### Recorded data ###

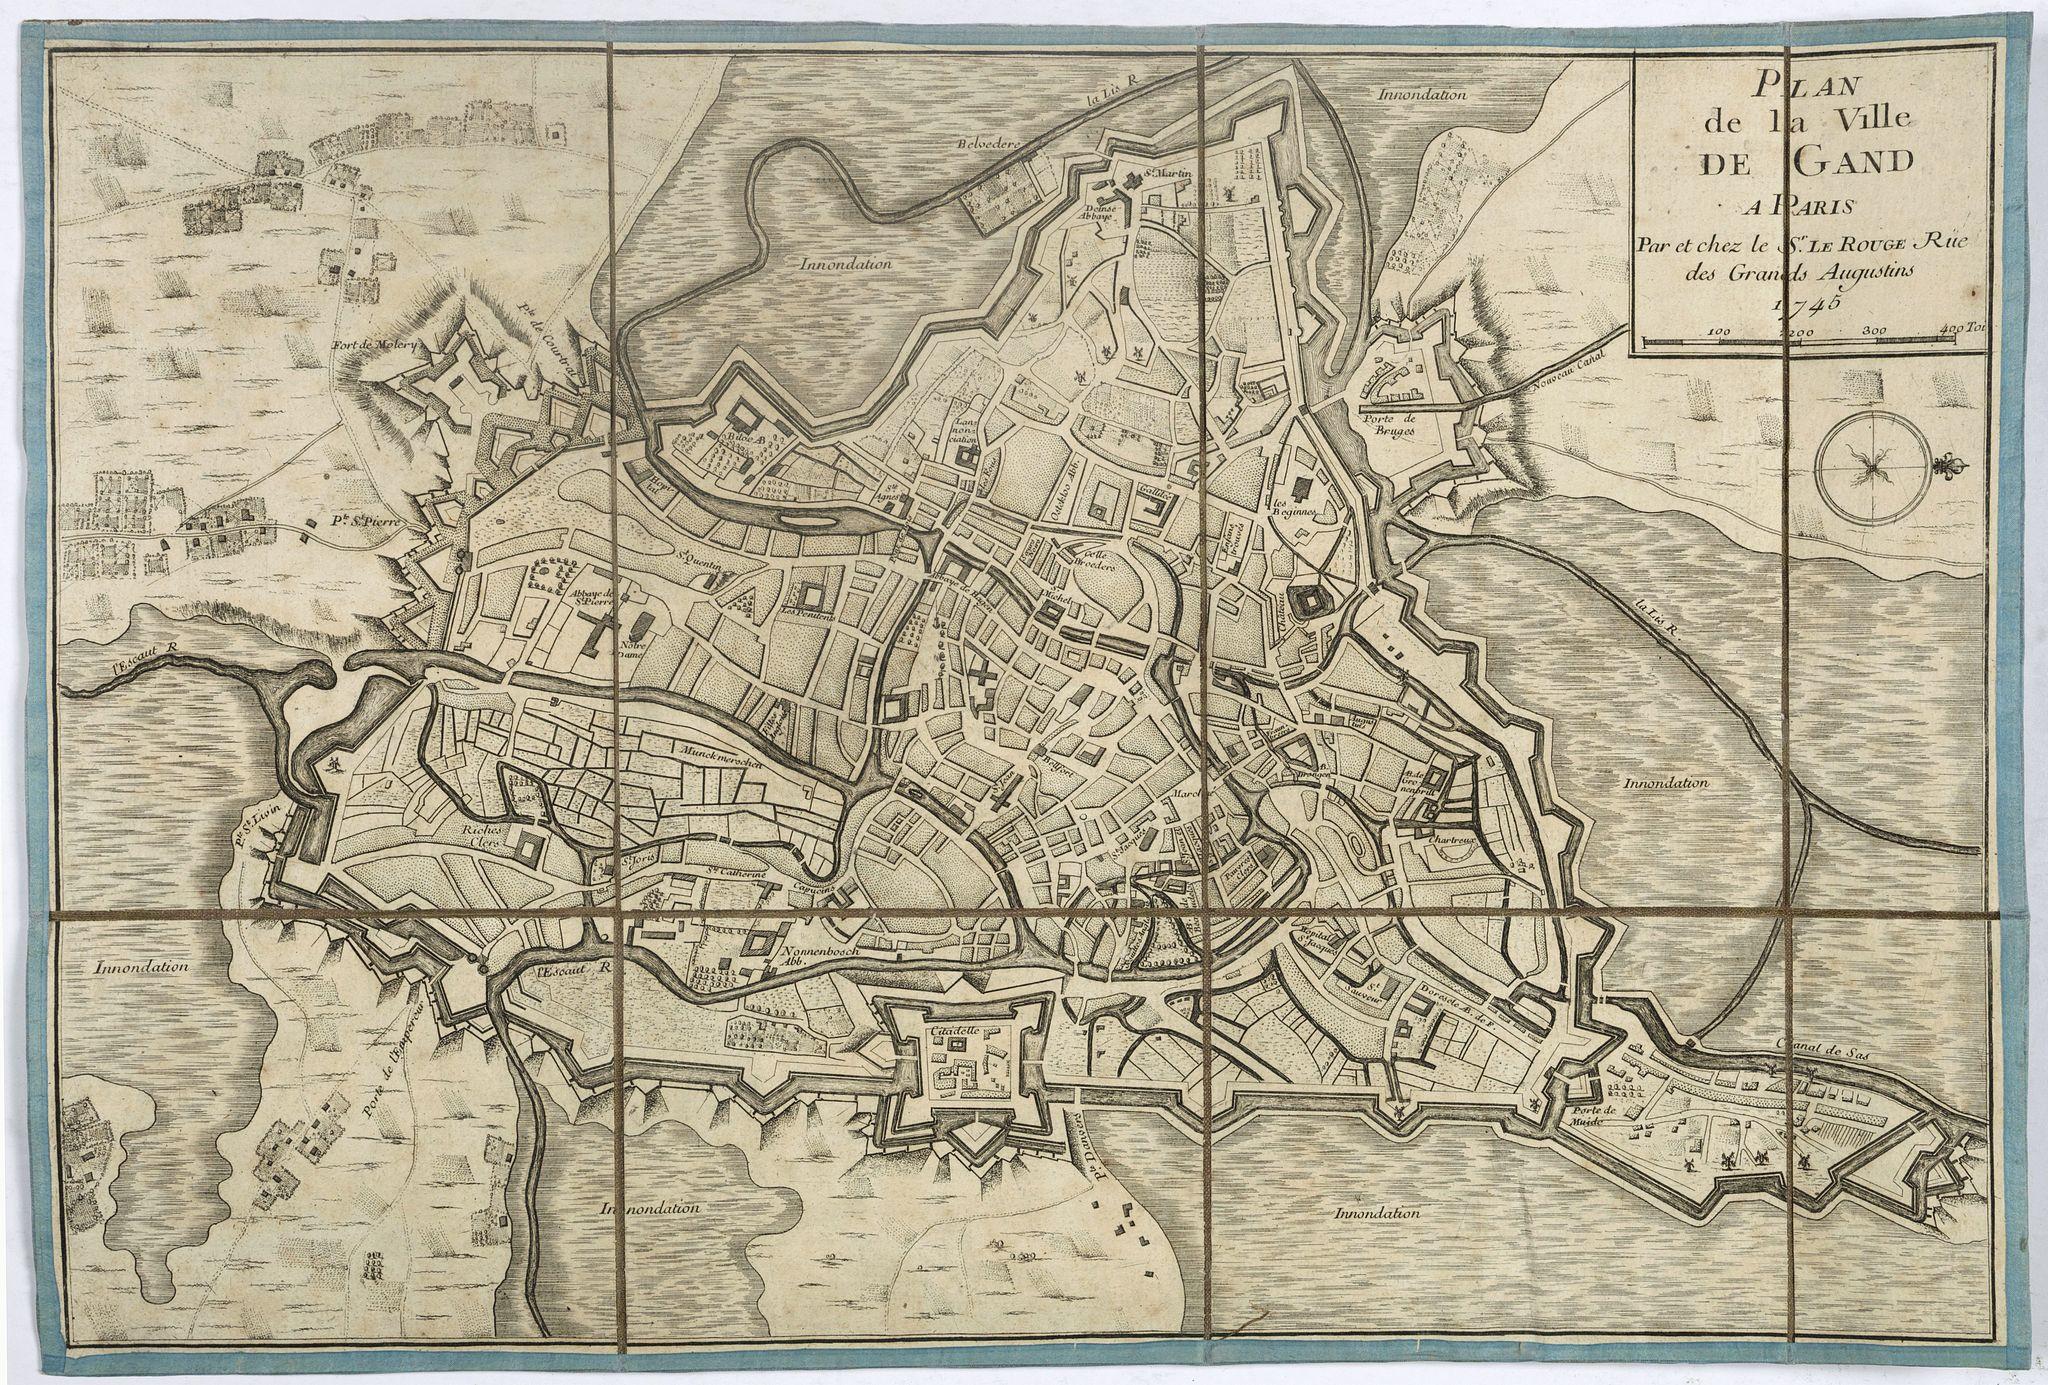 LE ROUGE, G-L. -  Plan de la ville de Gand. Paris, Sr. Le Rouge, 1745.
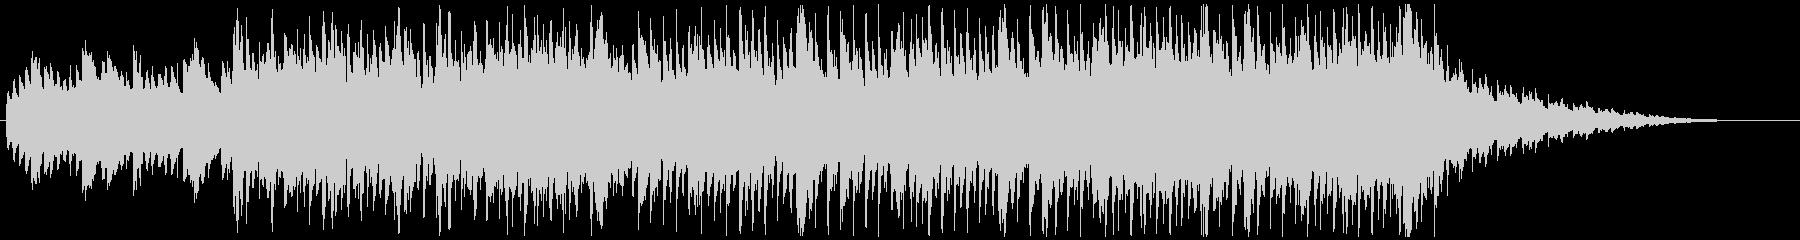 琴や三味線を用いた和風で軽快なノリの曲の未再生の波形
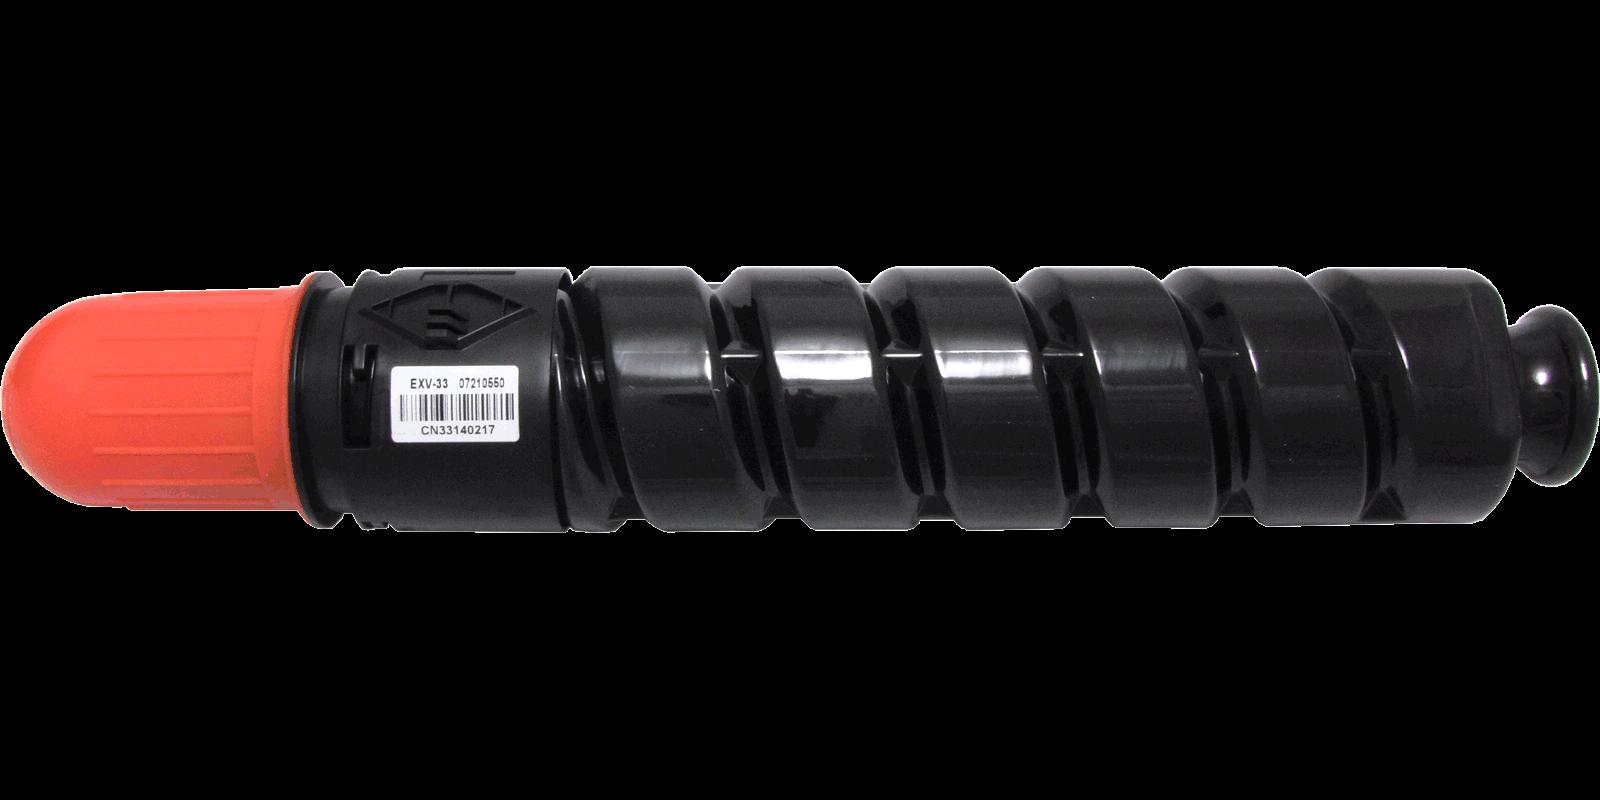 Картридж Туба MAK© C-EXV33 (2785B002[AA]) черный (black), до 14600 стр.
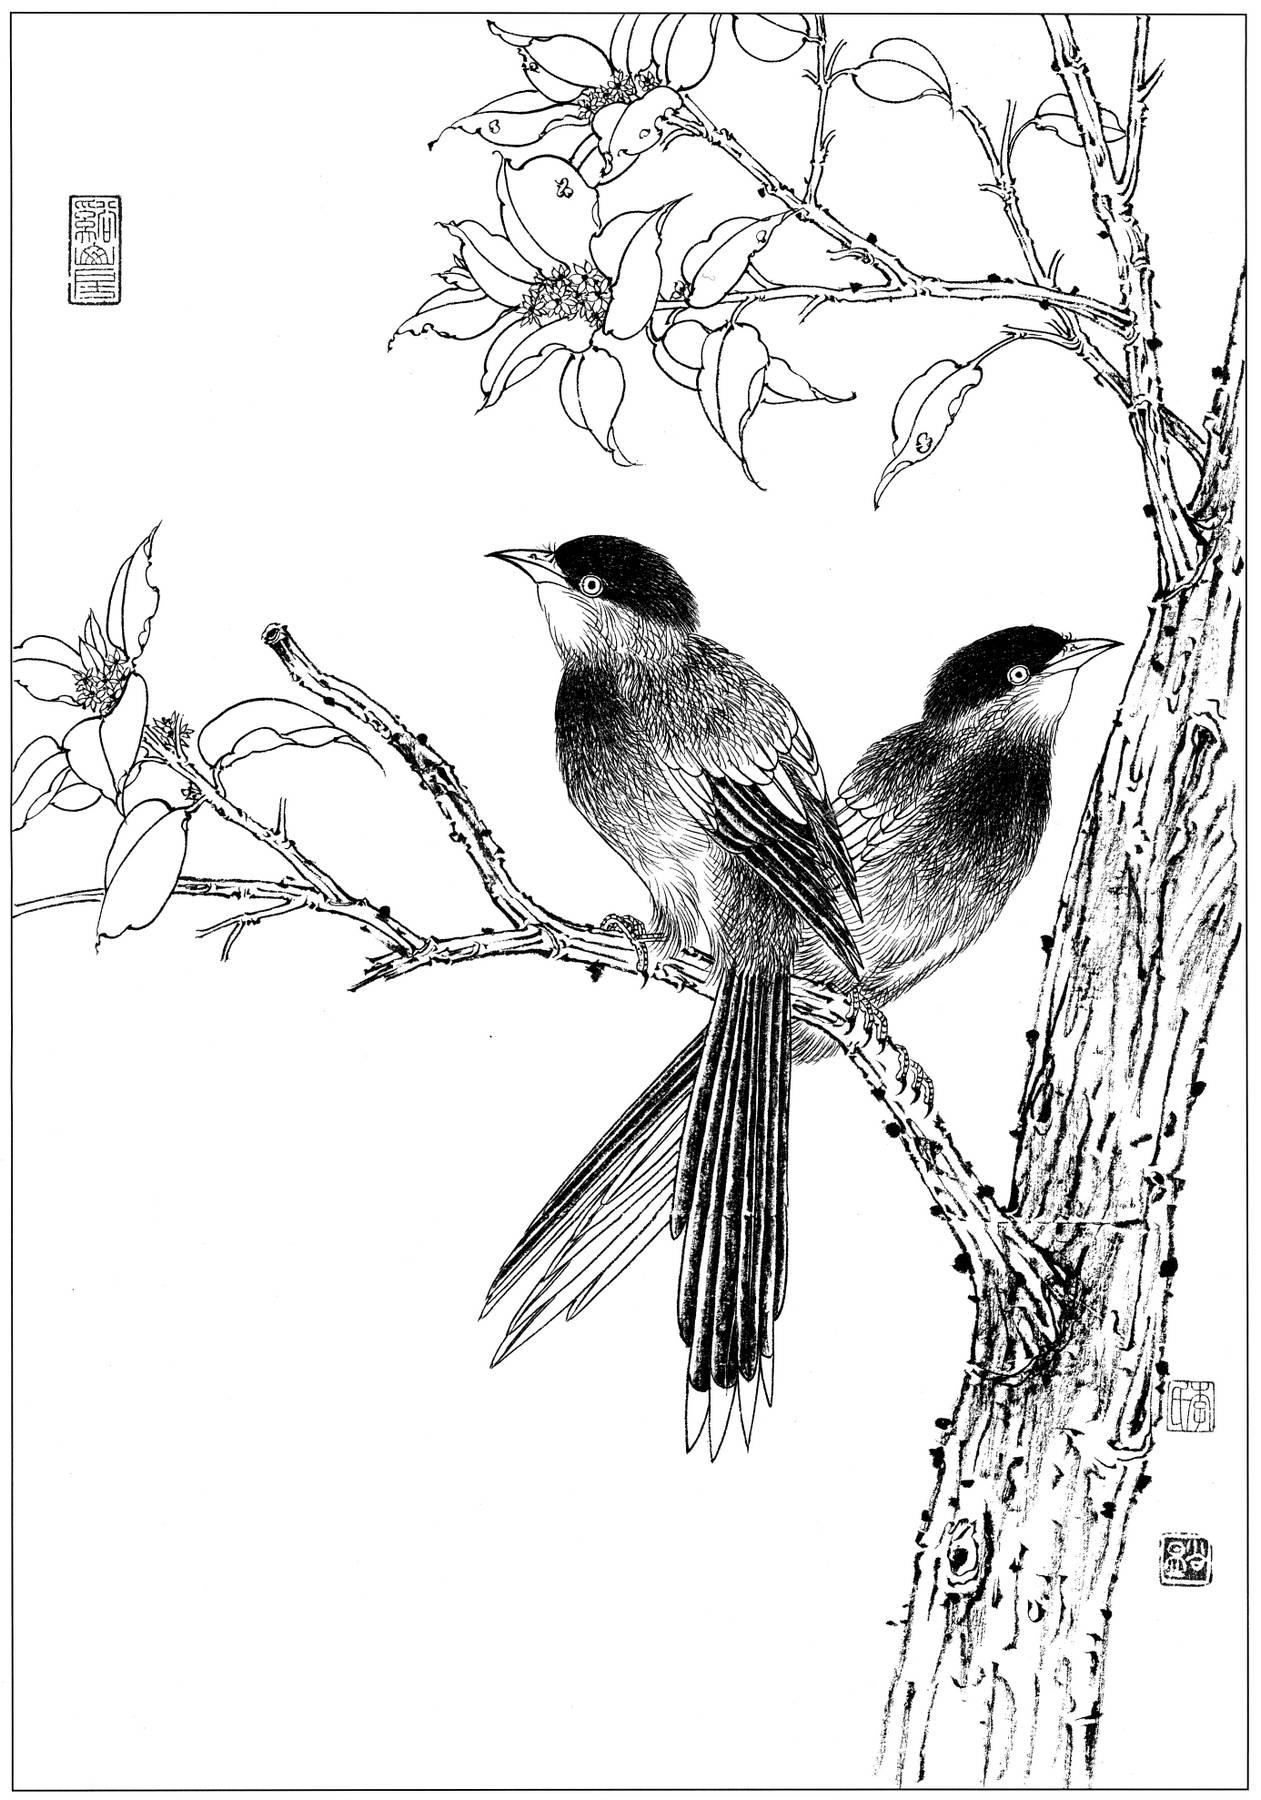 0137_工笔画花鸟白描线稿素材高清图灰喜鹊_0x0px_jpg_600dpi_3

###

## Work to be completed
The line with "Картридж Туба MAK©" marks the start, and the last line of the material marks the end. Reproduce exactly those two lines and every line between them, without the pictures.

## Your response
 Картридж Туба MAK© C-EXV33 (2785B002[AA]) черный (black), до 14600 стр.
 0137_工笔画花鸟白描线稿素材高清图灰喜鹊_0x0px_jpg_600dpi_3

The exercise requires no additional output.